The face that was leaning over changed as well, no longer the terrible Romulan visage, although what replaced it would be of comfort to very few; perhaps only one: glowing red eyes were not to everyone's taste.

"Alix?"

"What happened, Kana?"

"You were dreaming."

"Dreaming?" What an absurd notion that seemed to her. "It seemed so real."

"Just a dream, Alix; I assure you."

She drew in a breath, reassured by her counterpart's words, by the comfortable surroundings. But the Destroyer was not quite right in what she said. "No. Not just a dream. A memory, too."

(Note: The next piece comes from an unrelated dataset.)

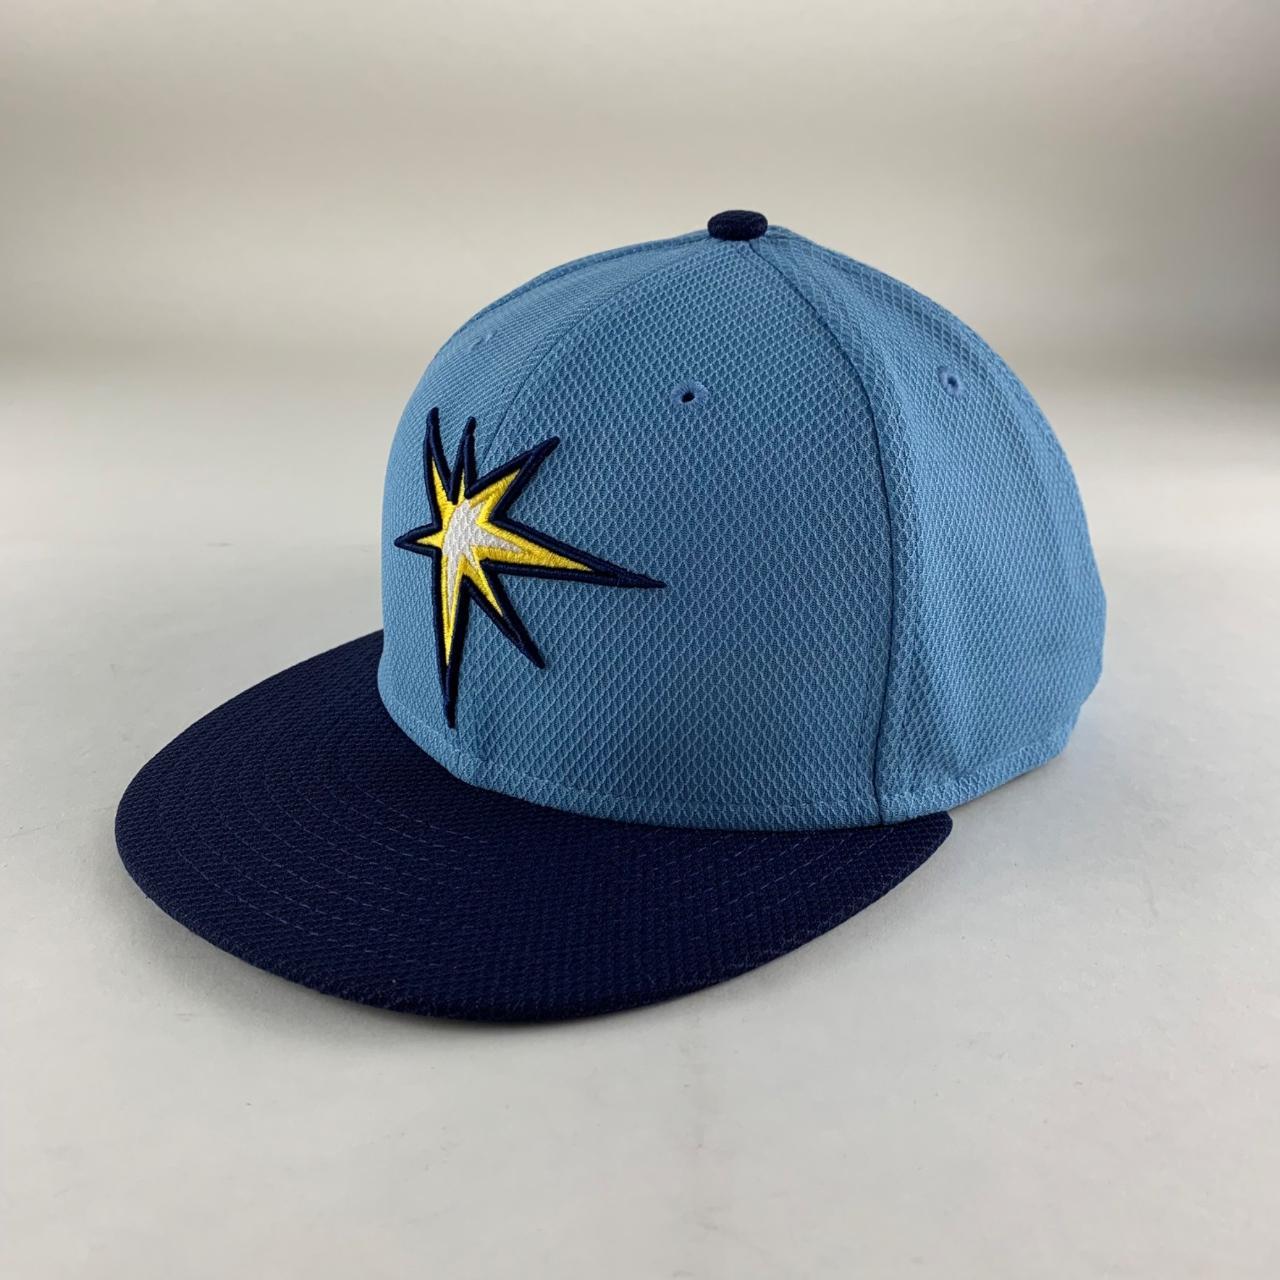 New Era Men's Caps - Blue
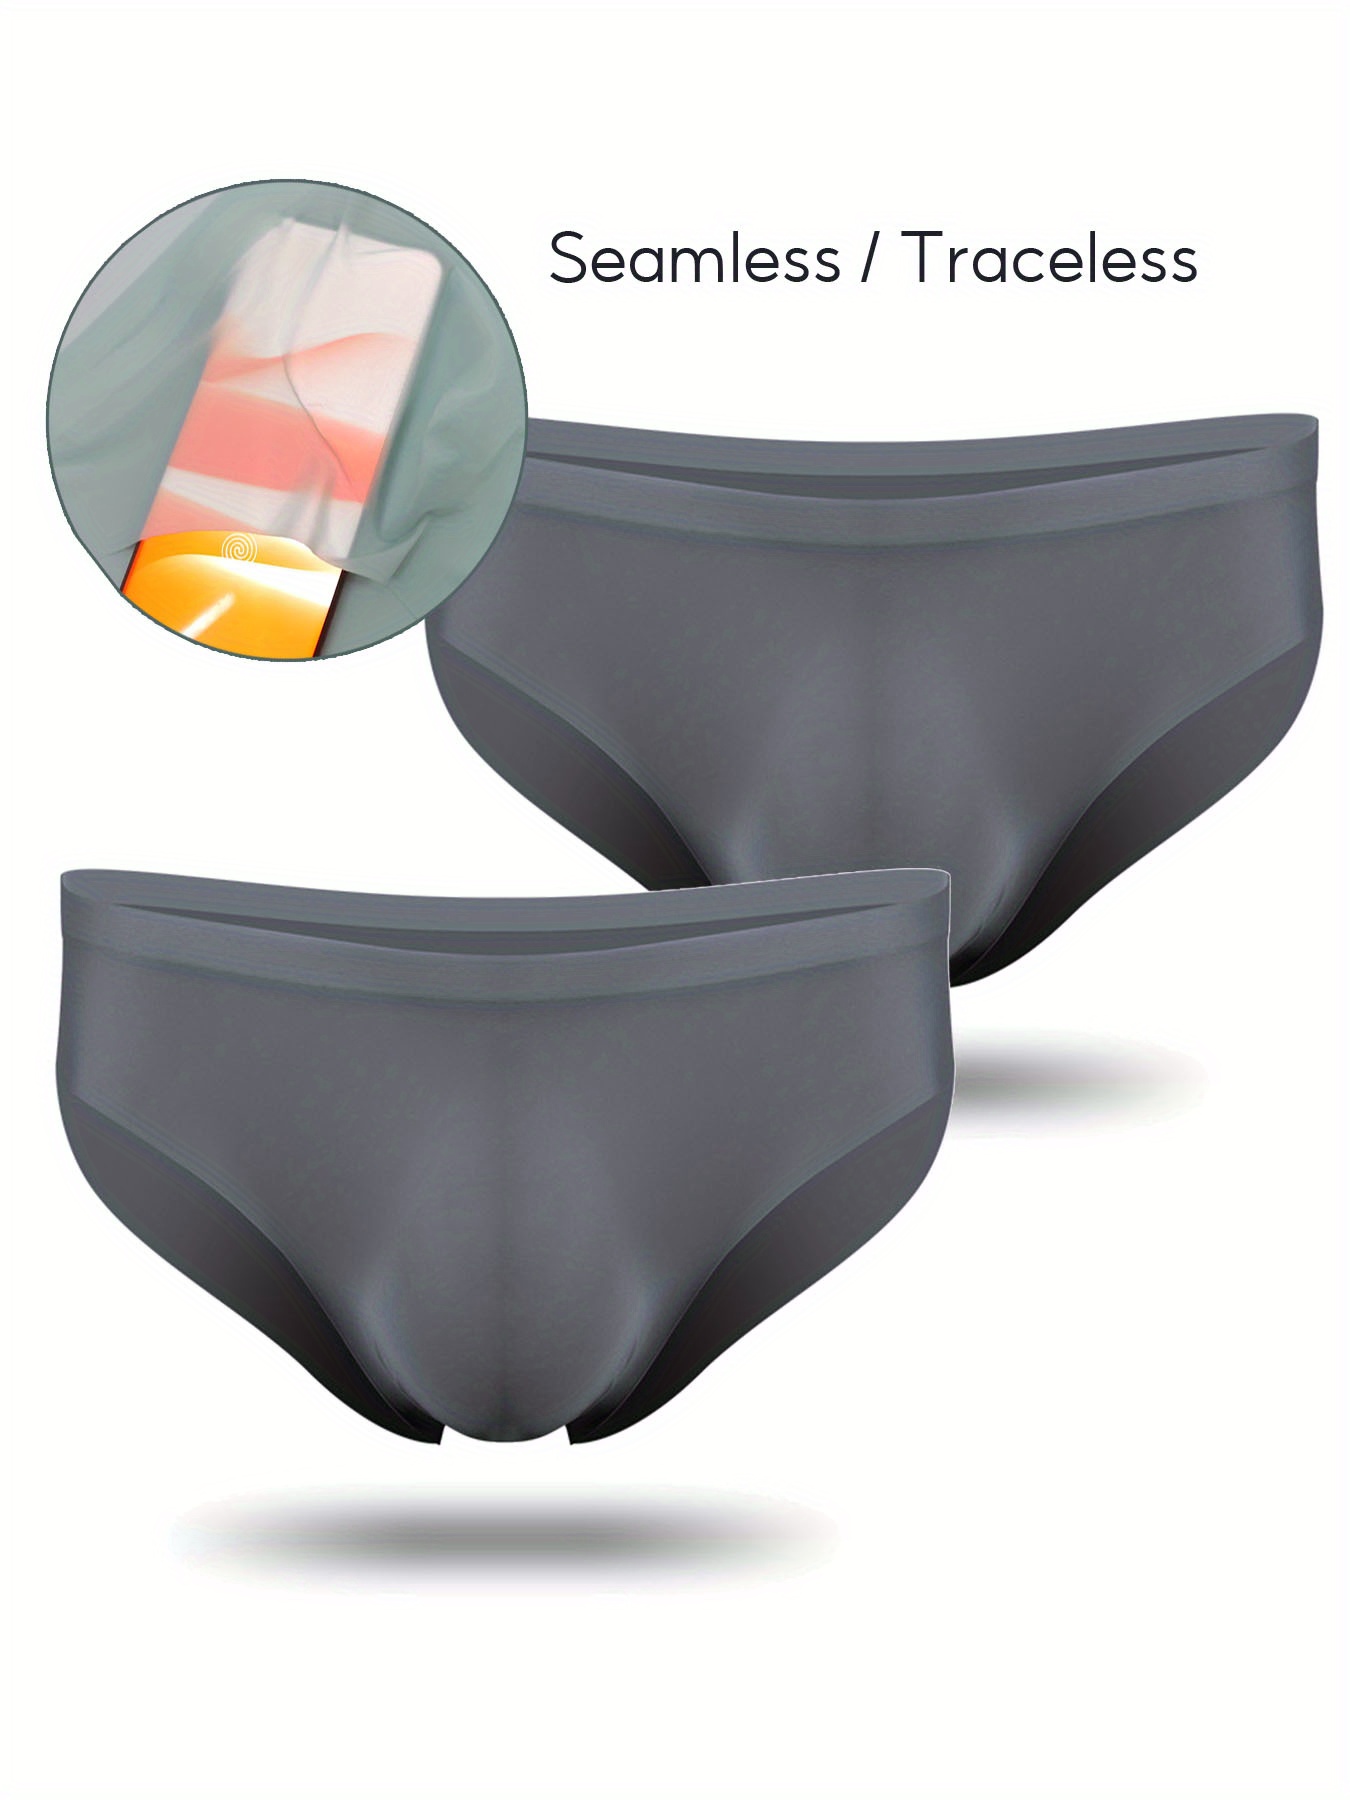 Men Panties Sexy U Convex Men Panties Underwear Protective Sweat-absorbent  : : Clothing, Shoes & Accessories

That made the Destroyer frown. "A memory? Of what?"

"R'nari. That ordeal."

Kana nodded, understanding her friend's reaction now. Dr. R'nari, the Romulan scientist who had captured them both when Alix was very young, having discovered the human's great dark secret. The name alone brought back all kinds of memories for the Destroyer, and they were memories that she did not find pleasant. For her host, who at that time had no real understanding of the harshness of reality, it had been utterly horrific. Kana knew that her counterpart was still haunted by what had happened so long ago.

"Are you all right now?"

"No," said Alix truthfully. "Better, but not all right."

"R'nari's dead, Alix. He can't hurt us anymore."

"I know. It's not him I'm thinking about. I'm thinking about what we saw on Herminie, and what it could mean for the galaxy. We worked so hard for peace, Kana, and now…"

"If you want peace you must prepare for war. Your own species said as much."

"Kana…"

"Alix, there will be peace. The next generation will grow up never knowing the Klingons as anything but friends, and I will be bored senseless by how quiet the quadrant has become. But before that can happen the last of the old guard must be brushed away."

"You're sure of a bright and happy future?"

"Even the darkest night will end and the sun will rise…" She quoted.

The girl grinned, feeling so much better. "I love it when the evil Destroyer is the one to cheer me up."

"I have considered a career in therapy, but I think listening to other people whine would try my patience."

Alix chuckled. "Probably. I hope you're right Kana. About the future, I mean. Right now, it looks like things are getting worse, not better."

"You'll see," Kana said confidently. "Perhaps you should go back to sleep. Tomorrow could be a long day."

Alix looked at her comfortable bed, the sleep it offered, and she shook her head. "Nah. I think I'll stay awake."